### Directions
This exercise calls for retyping every line below exactly, with the images omitted.

### Information supplied

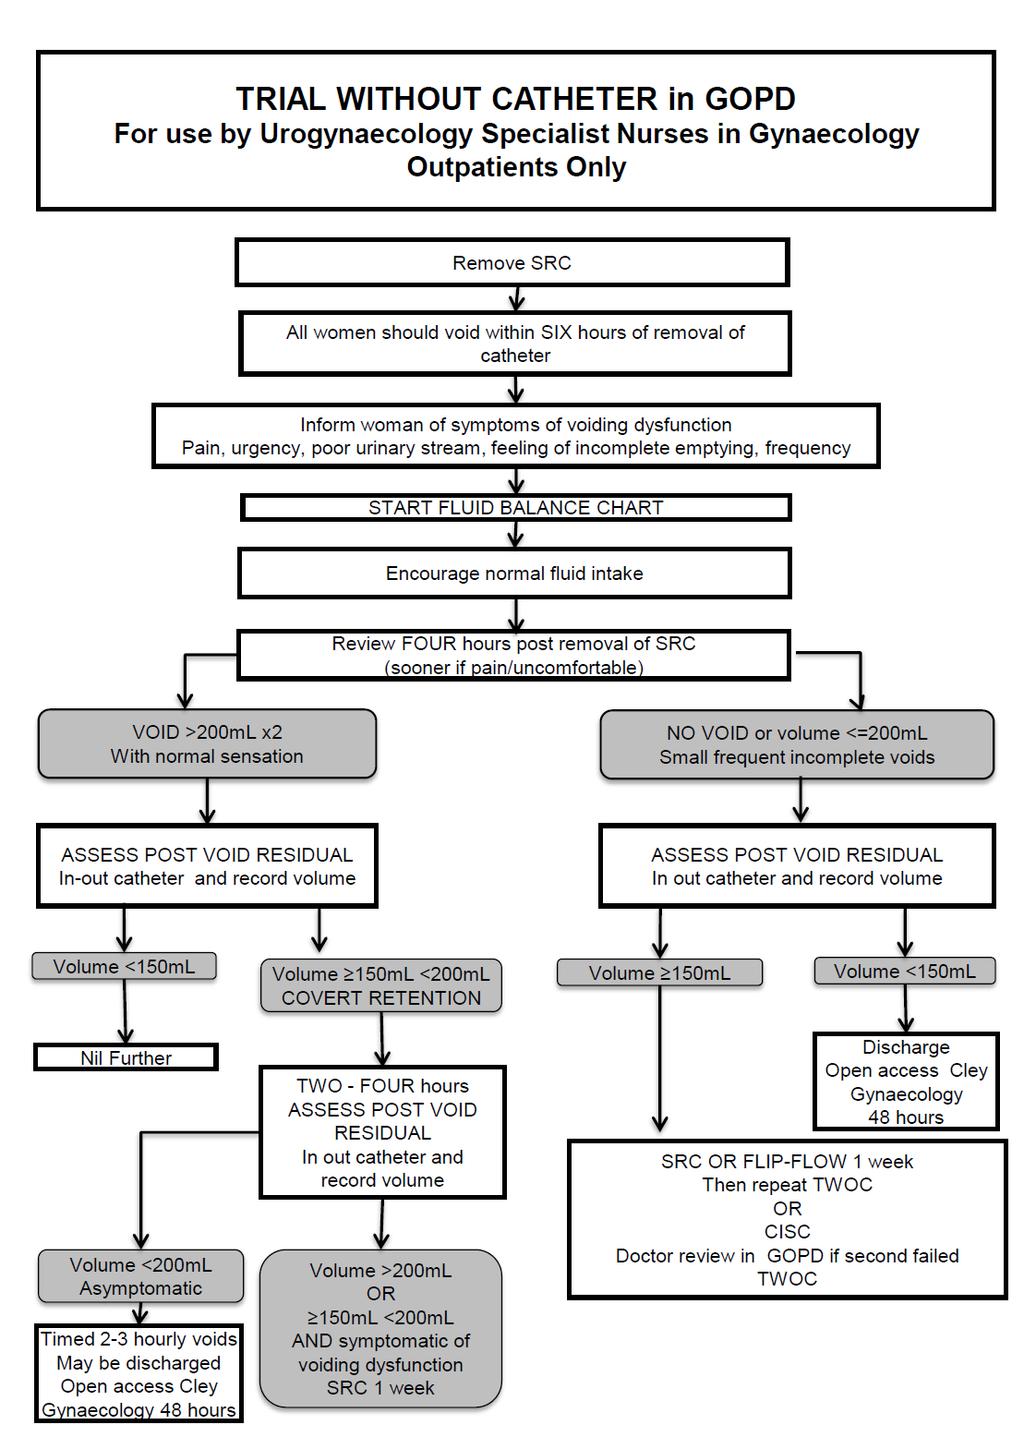 FLOW CHART 3: TRIAL WITHOUT CATHETER IN GOPD Available
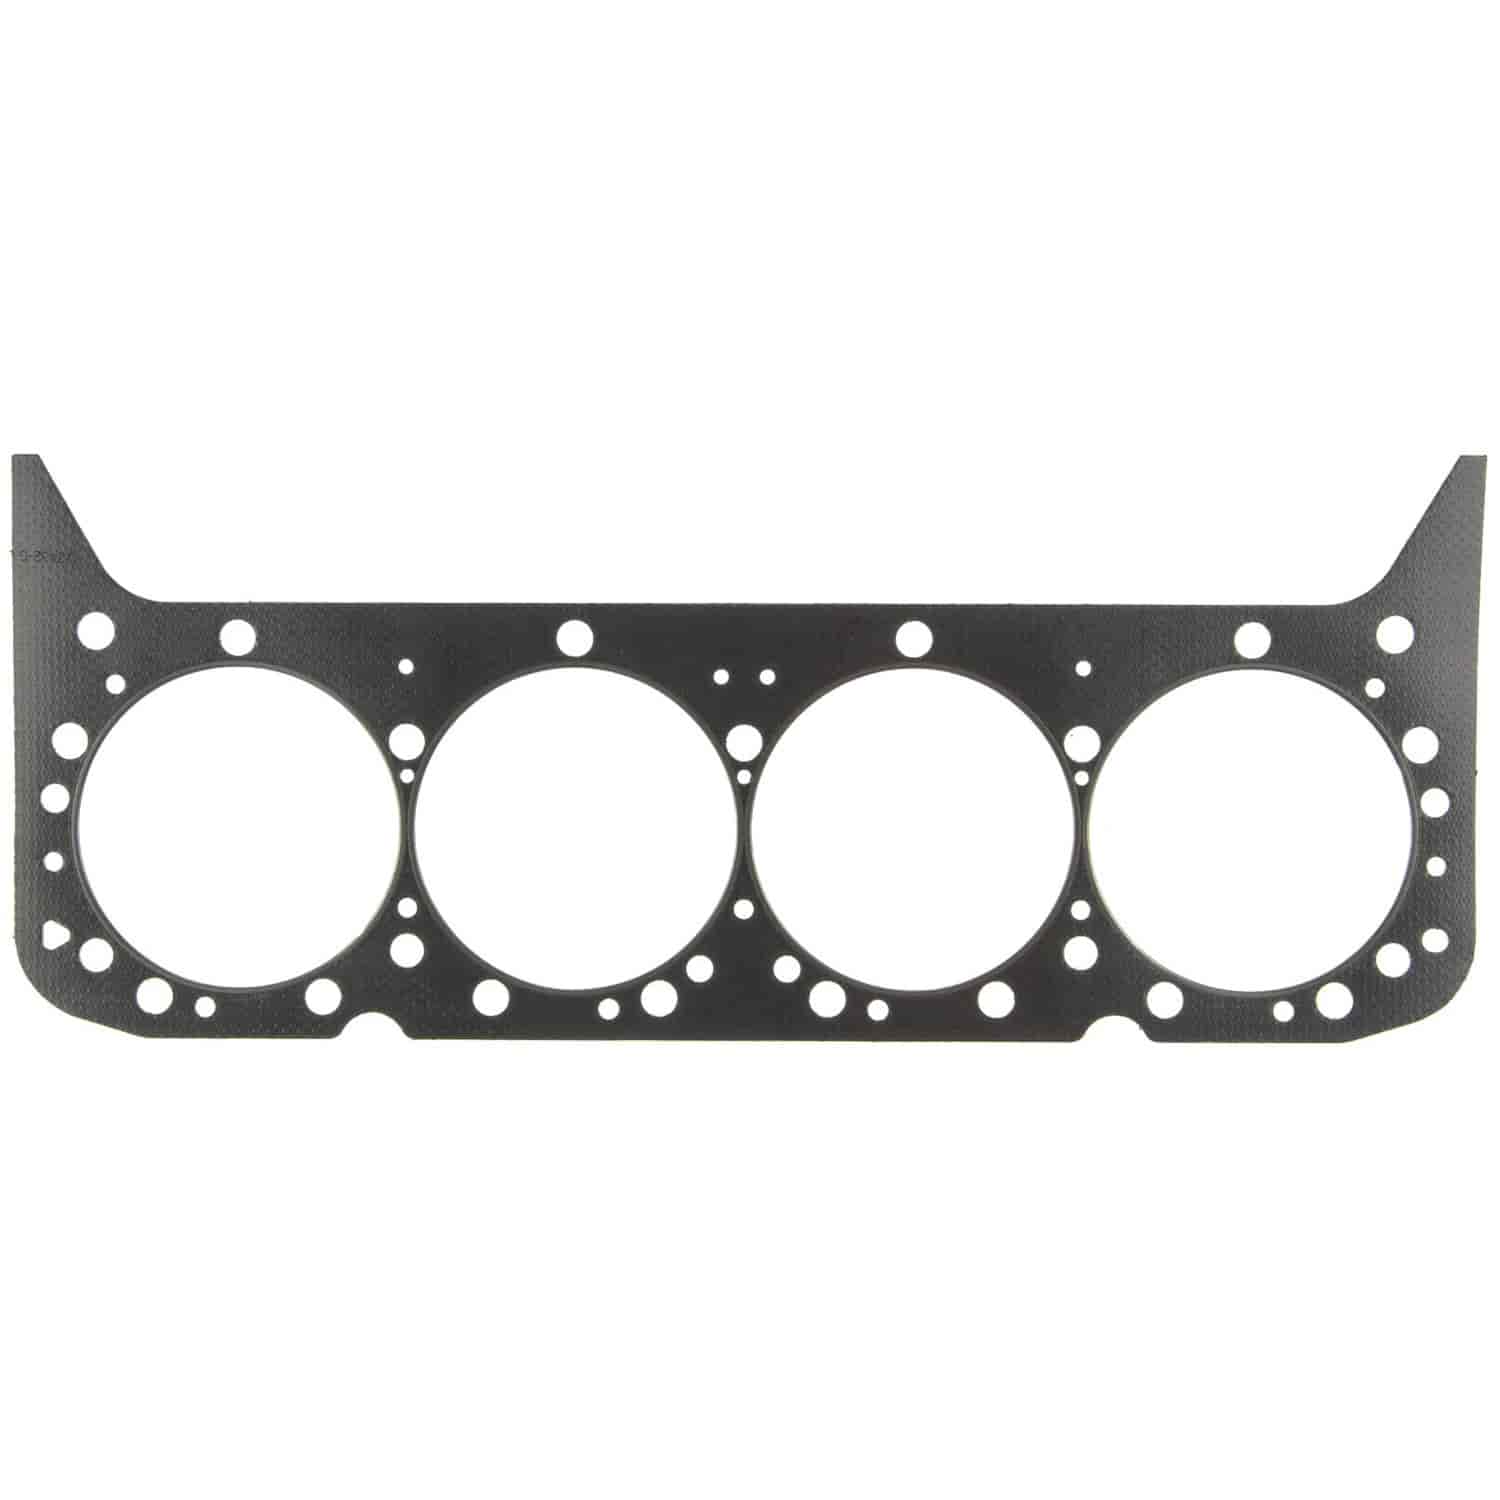 Performance Head Gasket 1962-2002 Small Block Chevy 302/327/350/400
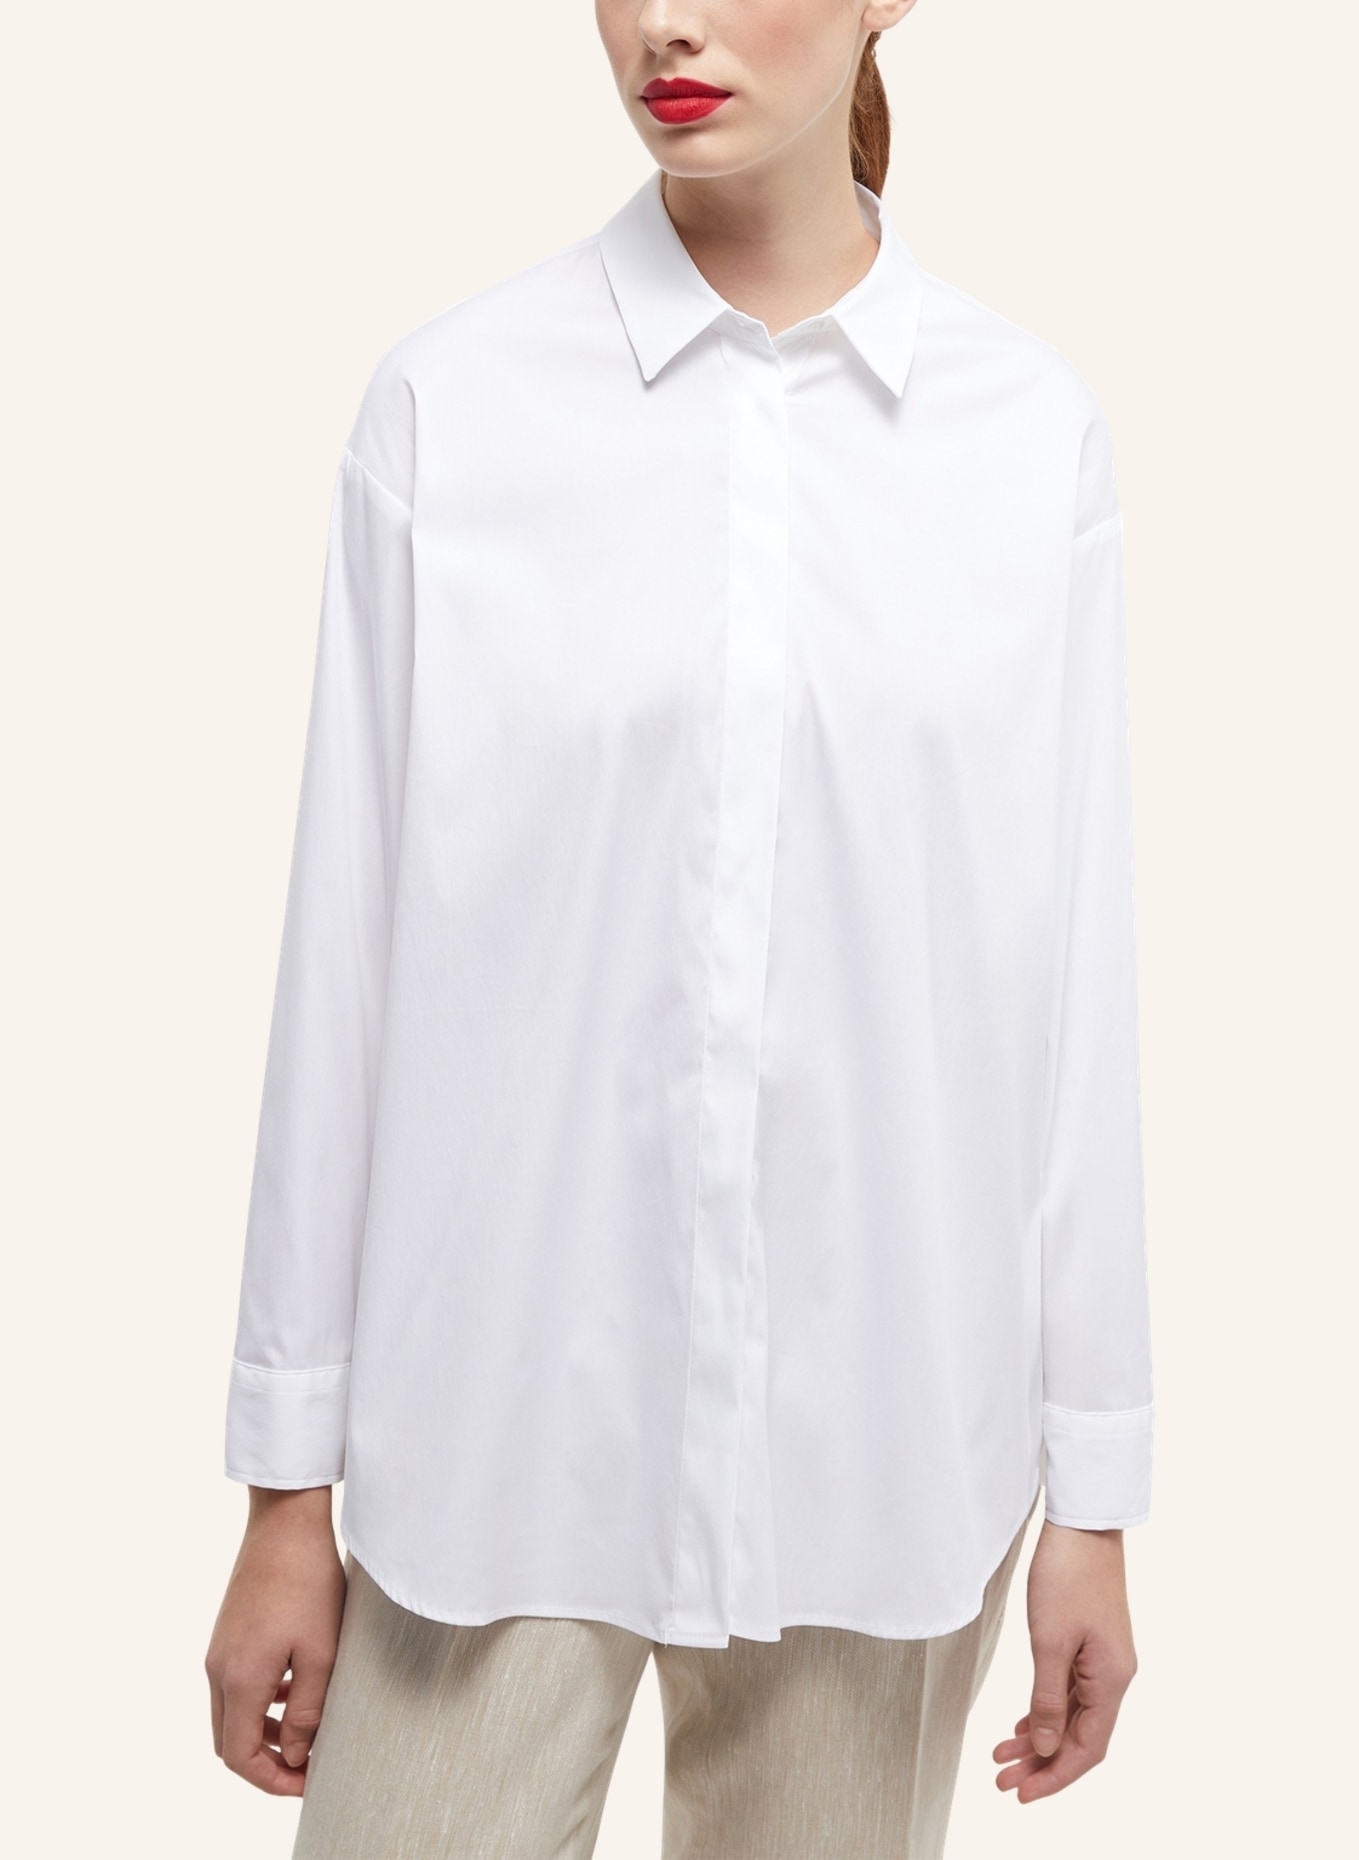 OVERSIZE in Bluse FIT weiss ETERNA
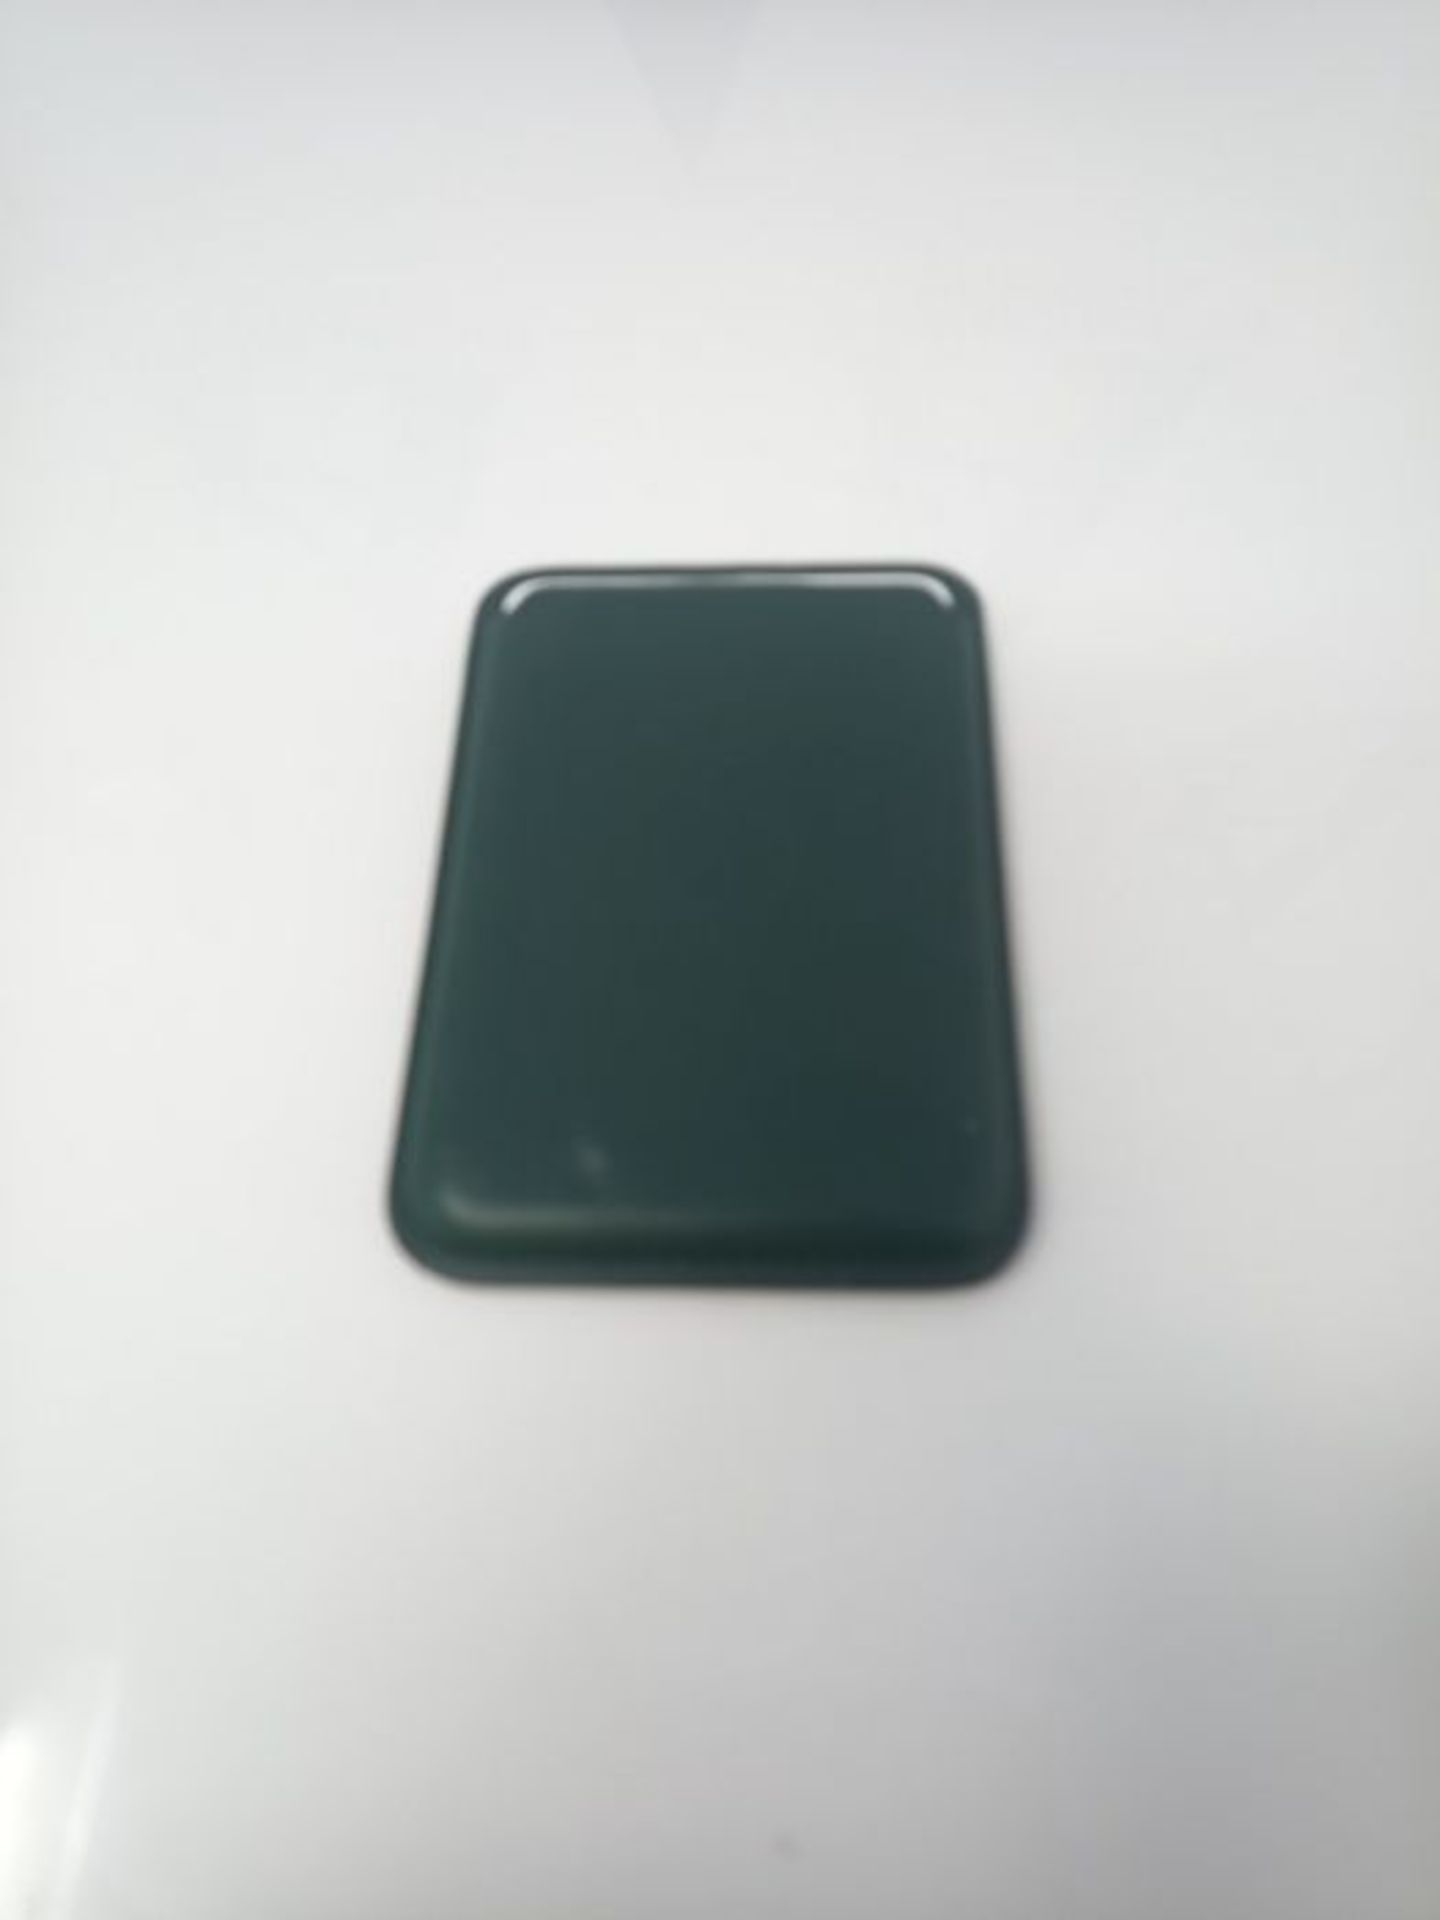 Apple Leather Wallet with MagSafe (for iPhone) - Sequoia Green - Image 3 of 3

### Written response
 FLOW CHART 3: TRIAL WITHOUT CATHETER IN GOPD Available
 Performance Head Gasket 1962-2002 Small Block Chevy 302/327/350/400
 OVERSIZE in Bluse FIT weiss ETERNA
 Apple Leather Wallet with MagSafe (for iPhone) - Sequoia Green - Image 3 of 3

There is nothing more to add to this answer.